- The Organization of American Historians has cancelled its annual meeting. But you can still skim the excellent program that the organizers put together. Margot Canaday (Princeton University) and Craig Steven Wilder (MIT) co-chaired the program committee. AND, if you were scheduled to present, check out this invitation (via Twitter) from The Docket (the online companion to the Law & History Review): "We’re sad about all that awesome #legalhistory scholarship that was going to be at #OAH20
and we’d like to be of service. The Docket will publish abstracts, full
papers, etc. for any law, policy, or politics related OAH panel!"

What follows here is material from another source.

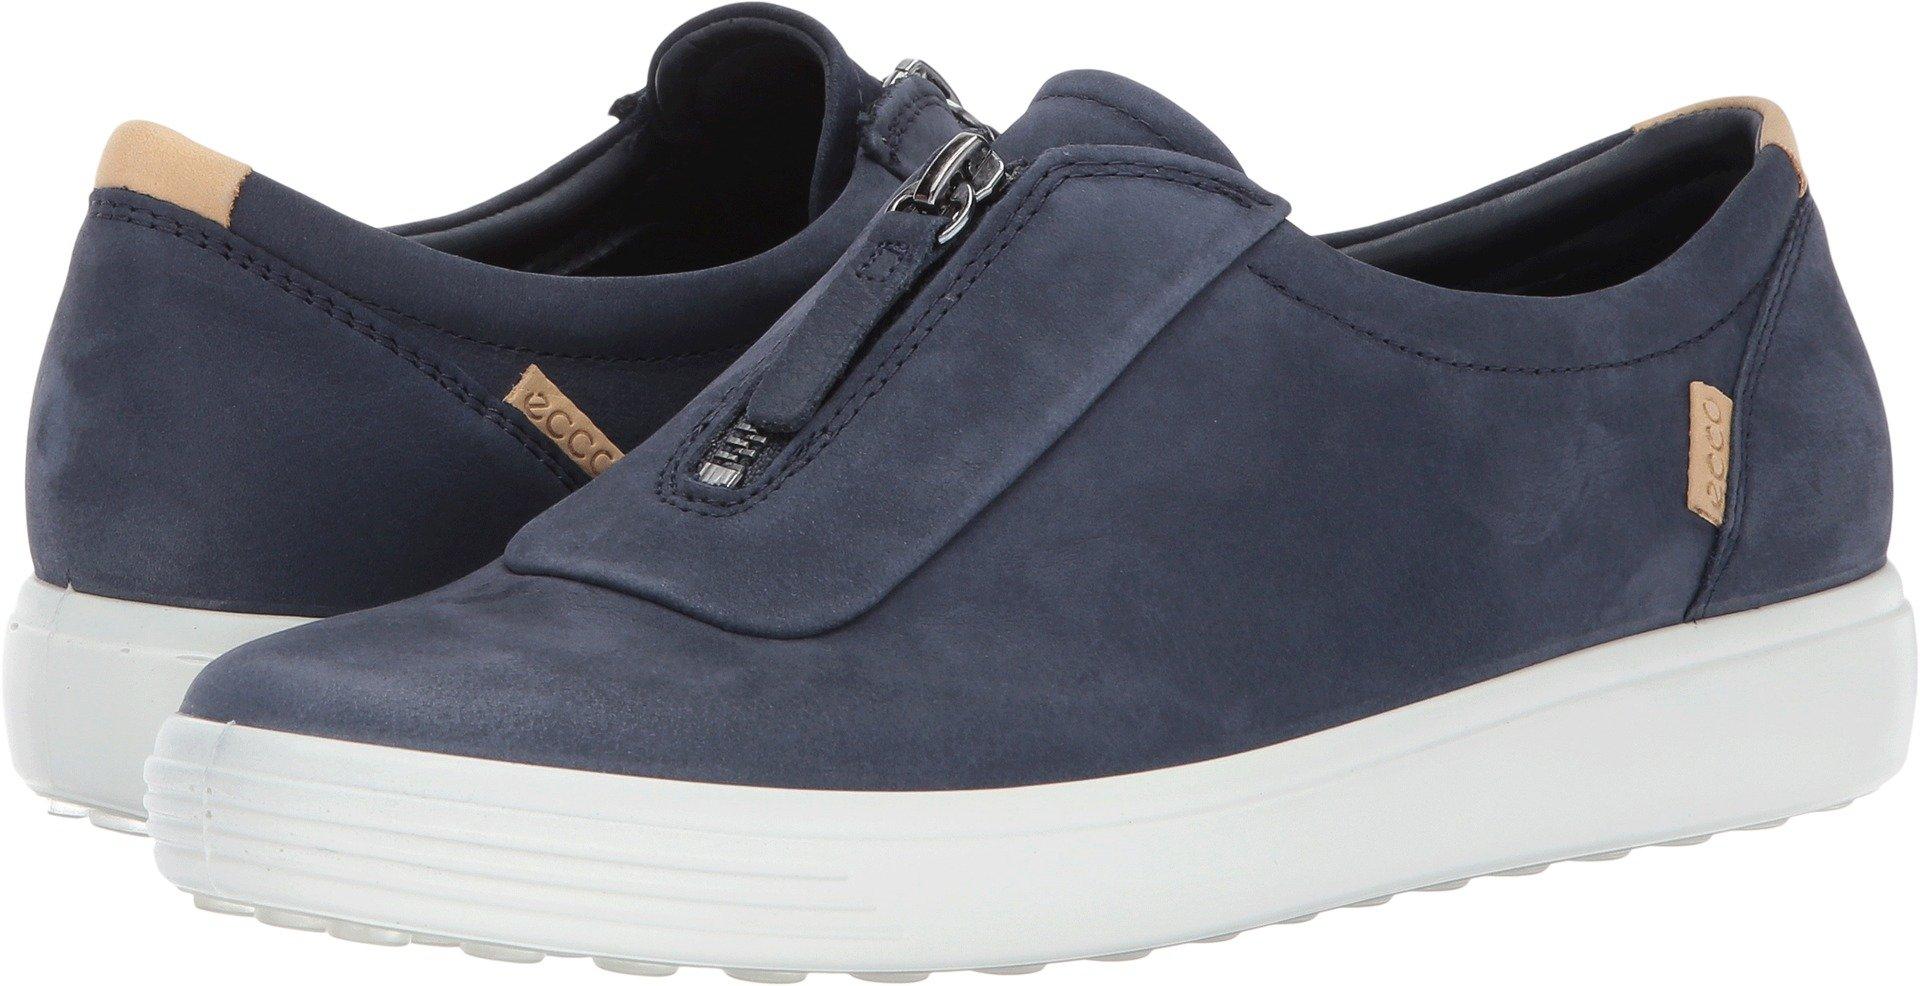 ECCO Women's Women's Soft 7 Zip Fashion Sneaker, Marine Nubuck, 36 EU/5-5.5 US

- For those who have moved to online teaching, Twitter is filled with good resources right now. For example, Aimi Hamraie (Vanderbilt University) tweeted out an excellent guide to "accessible teaching in the time of COVID-19," tapping into some hard-won wisdom from "disabled culture and community."
- The Library of Congress may be closed to the public, but we believe its “crowdsourcing initiative By the People” continues. The newest campaign to enlist the public’s help in making "digital collection items more searchable and accessible online is Herencia: Centuries of Spanish Legal Documents includes thousands of pages of historical documents in Spanish, Latin and Catalan."
- ICYMI: An exhibit at the Lombard Historical Society on “the first woman to ever vote in an Illinois municipal election, an attorney named Ellen Martin.” Patti Smith’s blurb of Ralph Nader’s cookbook: “A wonderful blend of consumer protection and consumer pleasure.” H/t: JLG
- And if you can face it: Duke University Press has put together this Navigating the Threat of Pandemics collection--free to read online until June 1 (books) and Oct.1 (articles). LHB readers may appreciate this one especially.
Weekend Roundup is a weekly feature compiled by all the Legal History bloggers.